• TASK: Output the data in full. Keep every word exact and exclude the pictures.

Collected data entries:
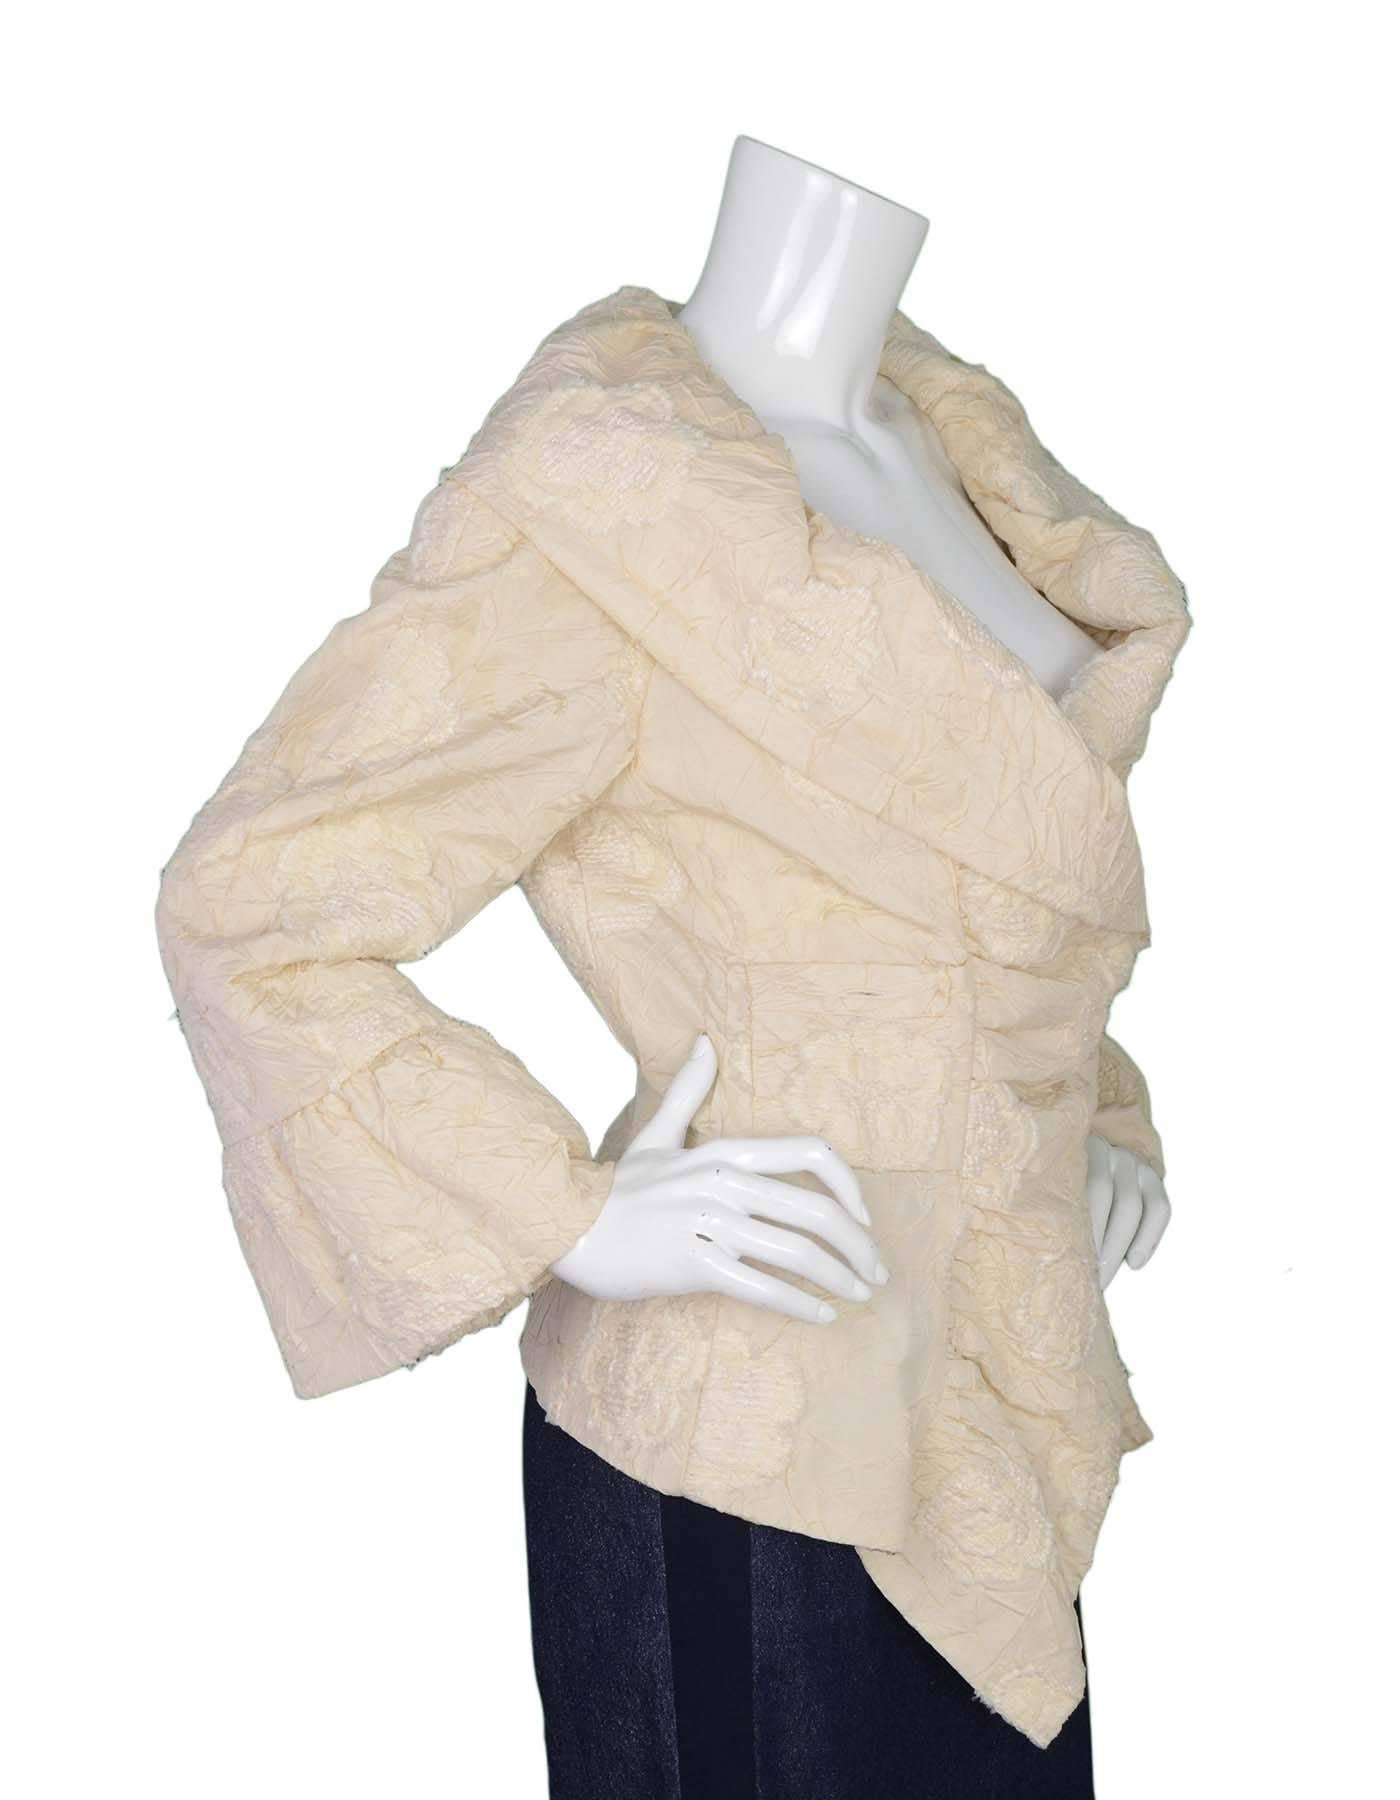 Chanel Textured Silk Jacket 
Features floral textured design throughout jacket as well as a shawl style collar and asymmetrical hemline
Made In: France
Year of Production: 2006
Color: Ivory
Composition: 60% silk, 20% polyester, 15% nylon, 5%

• PROBLEM SOLUTION:
 Chanel Textured Silk Jacket 
Features floral textured design throughout jacket as well as a shawl style collar and asymmetrical hemline
Made In: France
Year of Production: 2006
Color: Ivory
Composition: 60% silk, 20% polyester, 15% nylon, 5%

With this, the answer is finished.